The daughter of Romanian parents who moved from Israel to the United States, Shapira fell in love with the country: "I had a passion to live in Israel. I arrived two weeks before they murdered Rabin. I found warm people, parties, fun, friends who came here. In the U.S., we're a minority. When you grow up as part of a minority, you always have to ask yourself questions. In Israel, I could feel comfortable with my identity."
Shapira is leaving because of a combination of two reasons. She lost her job - and her sense of personal security. She has a master's degree in business administration and in the past few years, worked in international marketing at a communications company.
"Four months ago, the company went bankrupt and I was fired. Since then, I haven't been able to find a job," she relates. "I tried everything. Placement companies, head-hunting, the want ads, the Internet. Nothing helped. There's no work. I have an MBA, I'm ready to do vocational retraining. What does a person have to do to find work here?
"But that's only part of the problem. The other part of the problem is the security situation. We've reached a situation where you can't even sit in a coffee shop. So it's impossible even to be unemployed. There is pressure in the air all the time, the atmosphere is bad."
It's easier for new immigrants to leave than it is for veteran Israelis. To begin with, many of them still have a foreign passport.

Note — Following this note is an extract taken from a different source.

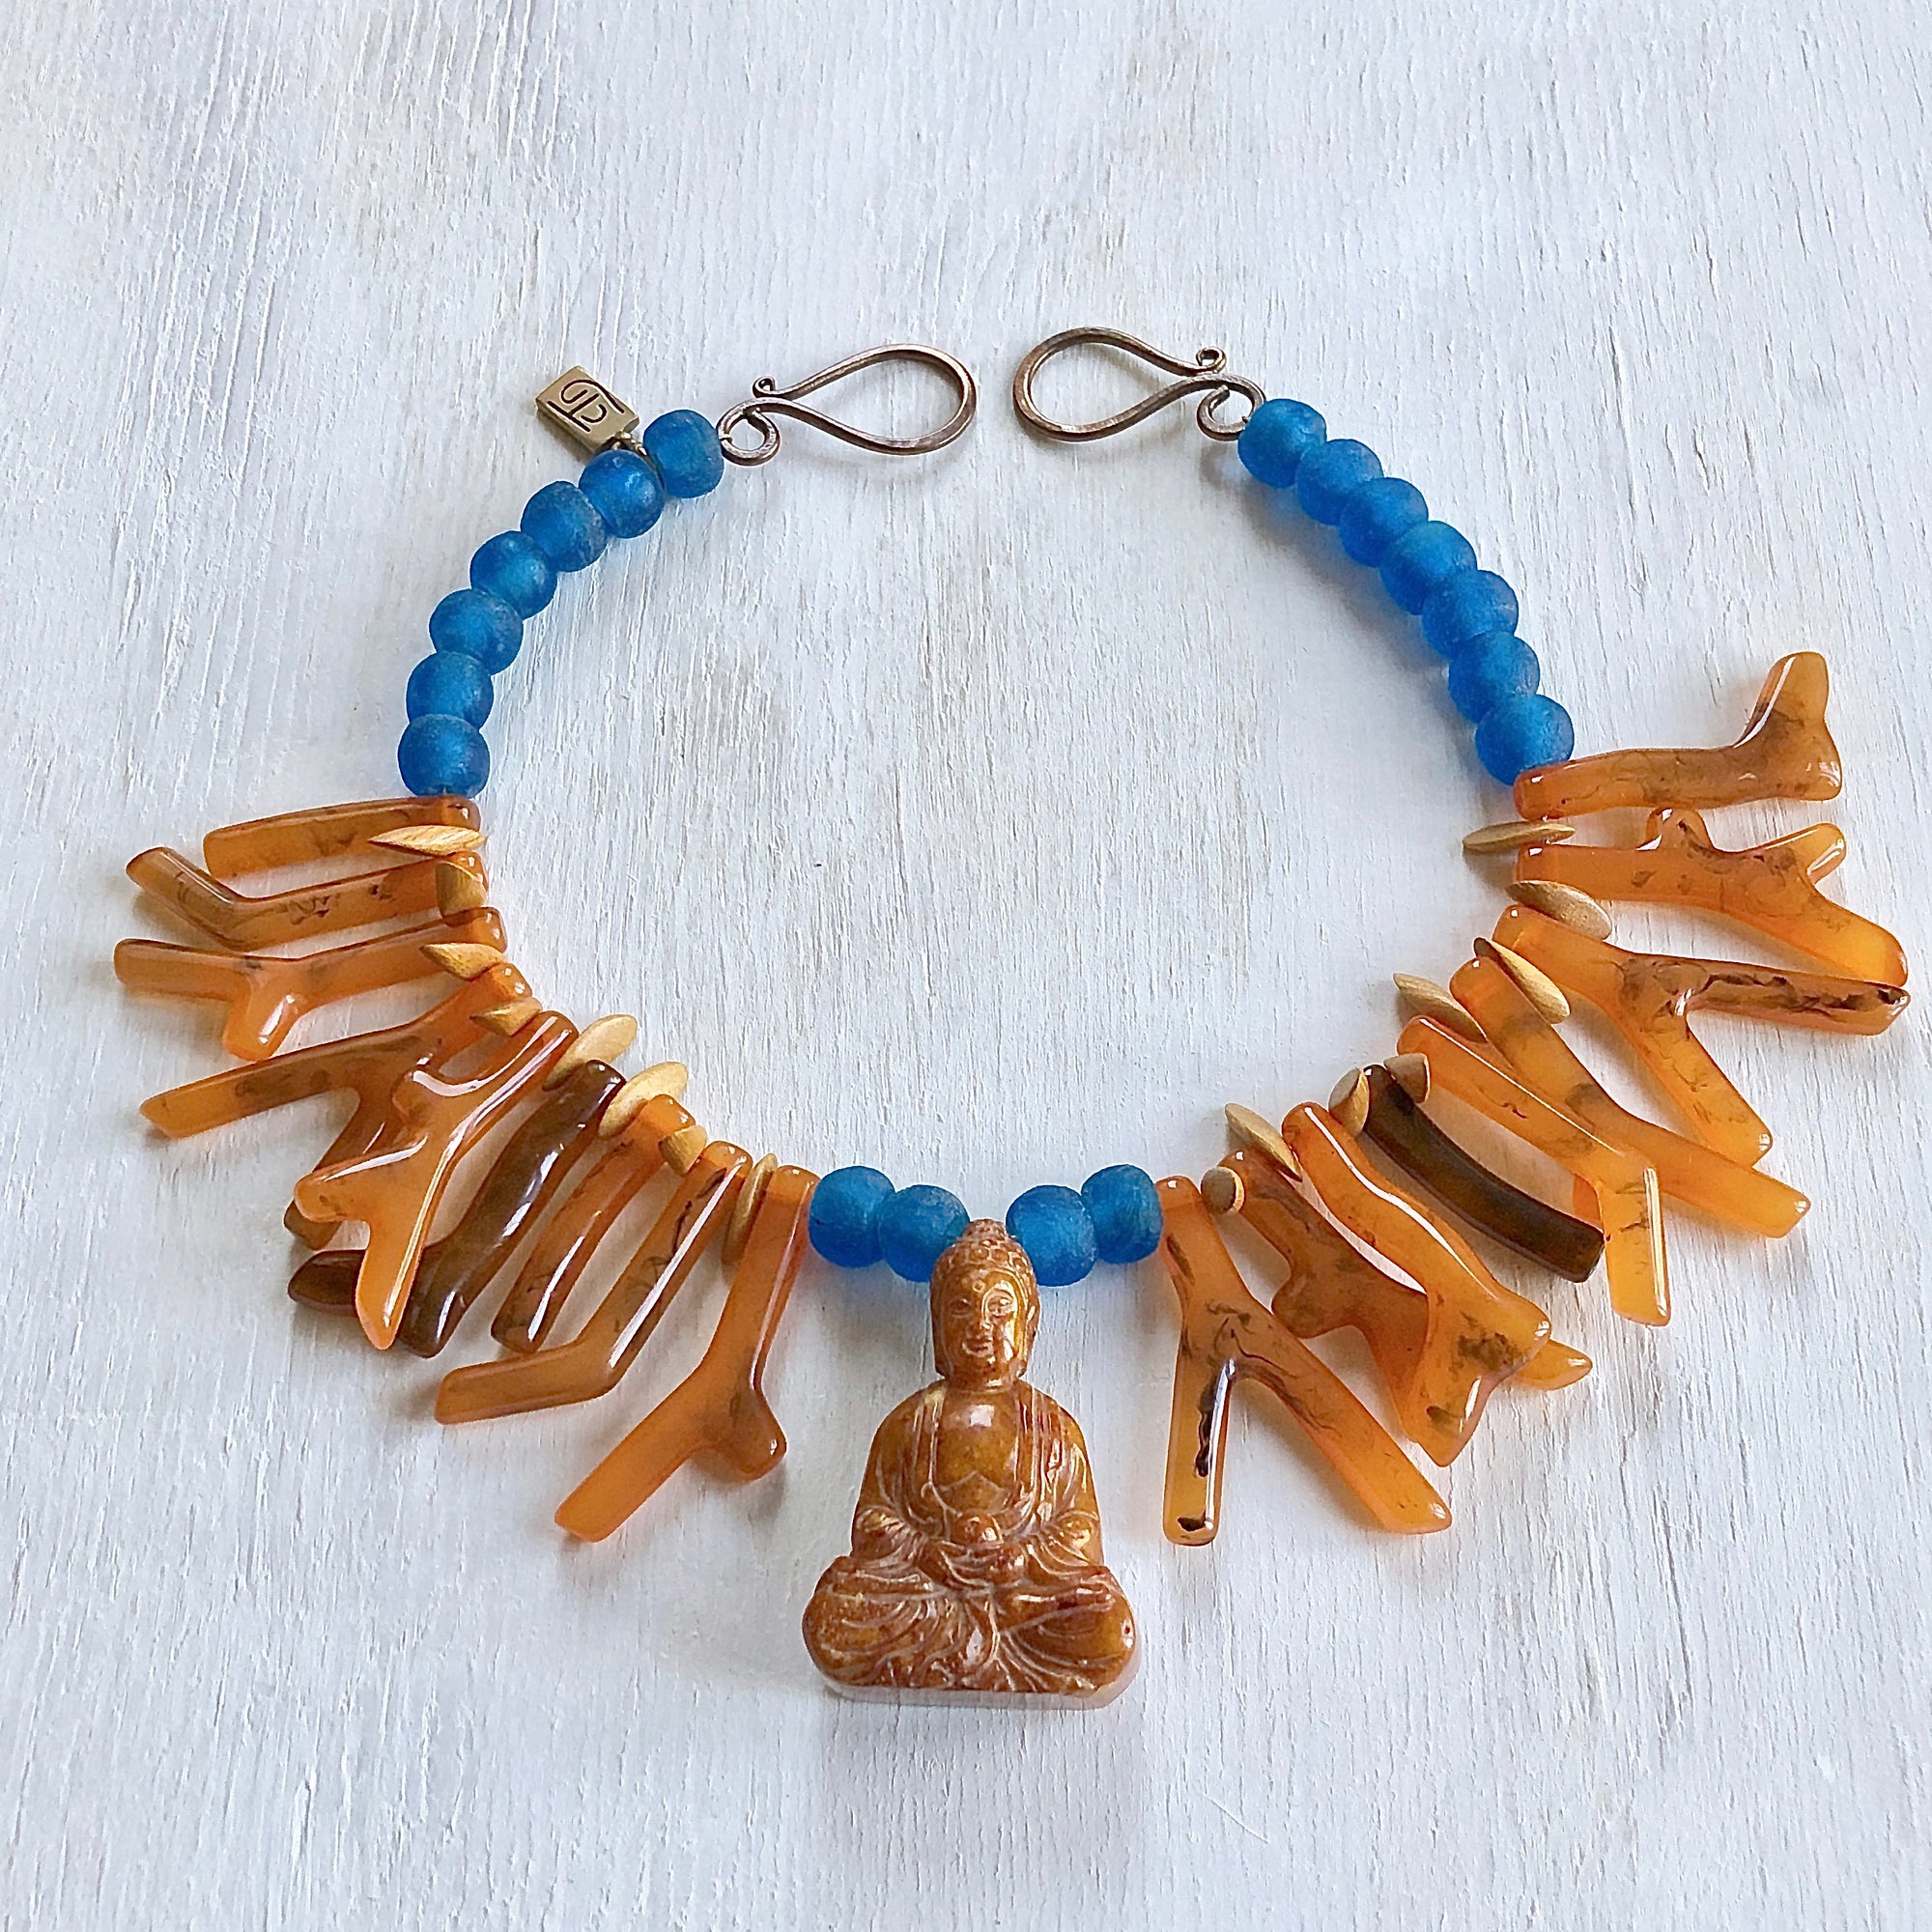 Amazon.com: Red Blue and Orange Beaded Necklace For Woman, Colorful  Handmade Ceramic Jewelry : Handmade Products

Second, while veteran Israelis are under pressure from family and friends to stay, new immigrants have families in their home country who pressure them to come back.
Shai Rahat, sales manager in the division of personal items in Global Vision, a shipping firm, says that the past few months have seen an increase in the number of new immigrants from English-speaking countries who are leaving the country.
"This summer, I encountered dozens of families of veteran Israelis, and hundreds of families of new immigrants, who left the country. The sabras reach a decision to leave after a process. They tell me that the ones who leave are sane and those who stay behind are the crazy ones. They have been considering the option for five years; Zionism hasn't been part of the picture for a long time.
"For the English-speaking new immigrants, Zionism plays an important role. They believe in the Zionist idea, and very often they came here after giving up good jobs, and they would like to stay in the country. But when a bomb goes off under their nose, they break. They tell me that after terrorist attacks come the phone calls from their parents in the home country - `What are you doing in Israel? When are you coming home?'"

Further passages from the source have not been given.